However, in a recent high dosage study involving people with MS and vitamin D, the treatment group received an average of 14,000 IU’s over a 52 week period with a maximum dosage of 40,000 IU’s (I posted this information previously, but I’ll post it here again for conveinance):

http://www.ncbi.nlm.nih.gov/pubmed/20427749

And here is a graphic from this paper:

 

So you can see from the chart in the lower right that the highest levels of 25OHD blood serum for the treatment group ranged from about 250-550 nmol/L for the same dosage of 40,000 IU’s.

Personally, I take 40,000 IU’s/day and have a 25OHD blood level of 250 nmol/L. I am not recommending that anyone take this amount, but this is what I have to take to reach the lower end of the “toxic” range. Please note: Toxic in conventional medicine means that you become hypercalcemic which means you have too much calcium in your blood. However, the people in the trial had normal calcium levels even though they were supplementing with 1200mg/day. To me, this means that high doses of vitamin D does not cause hypercalcemia, and in my case my blood calcium levels are on the low end of the normal range (9 mg/dL) without supplementation.
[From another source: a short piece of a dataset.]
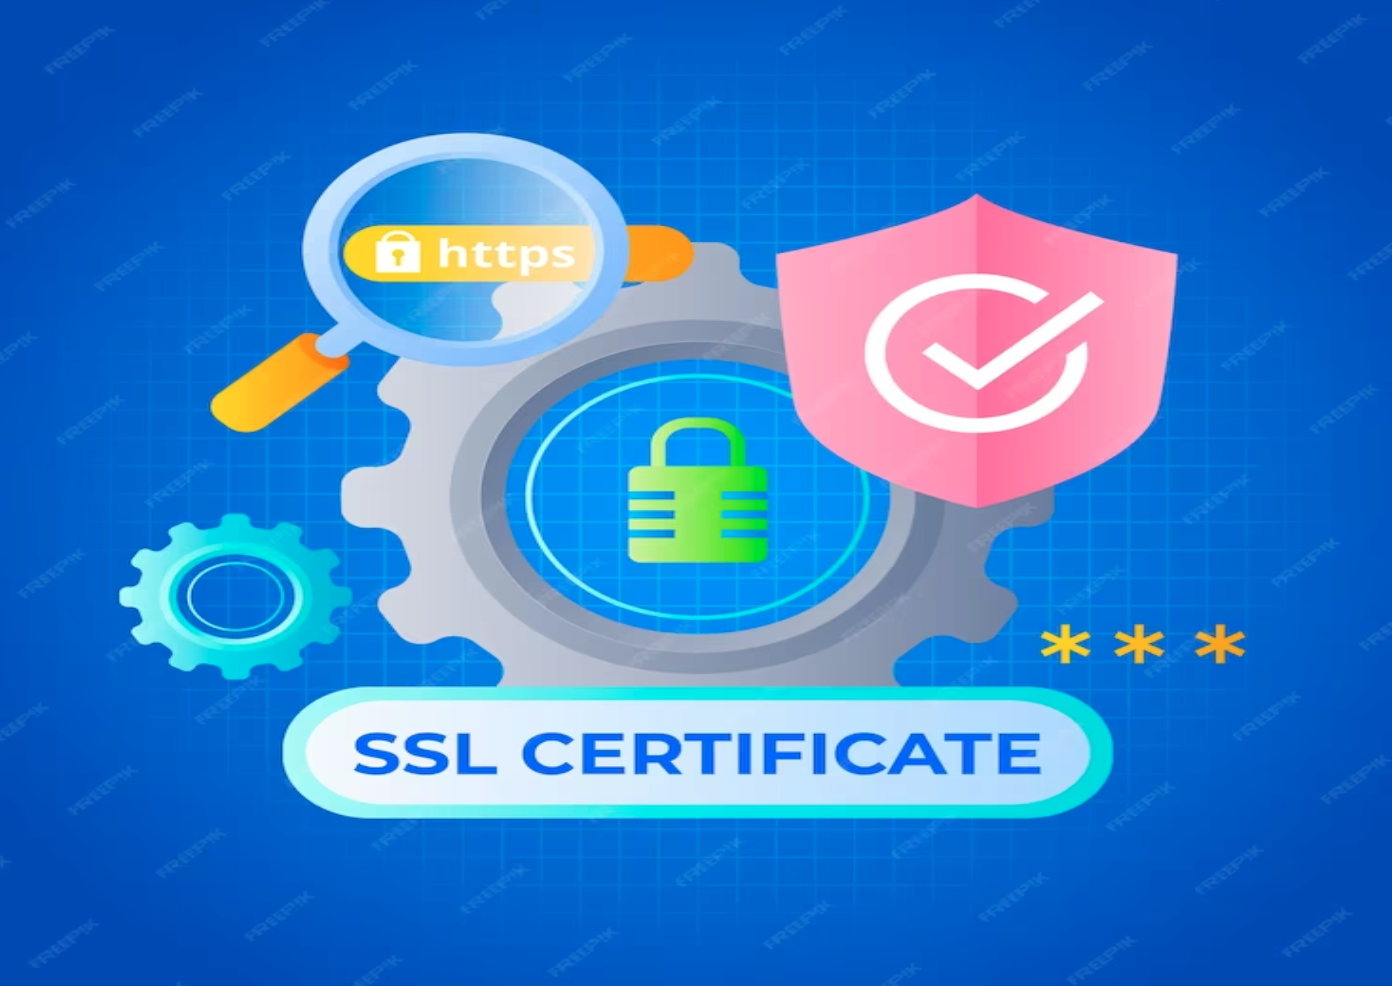 Graphic featuring various symbols of cybersecurity with the words SSL Certificate underneath; graphic by Freepik, via Freepik.com.

So, it is not just a matter of taking a certain amount of vitamin D/day. You have to monitor your blood serum levels. From my own personal point of view I have decided to not believe in conventional medicine and increase my blood serum level to the upper end of normal because there is a lot of evidence that vitamin D prevents auto-immunity by promoting regulatory T-cell development. Since I have been on this dosage, I feel better than I have ever since I became sick and have not had any relapses like I used to. But my situation is anecdotal. We really need to find out what are the optimum blood levels to prevent autoimmunity. Unfortunately this is just starting to happen now and I fear it may take a decade or two before this testing is completed.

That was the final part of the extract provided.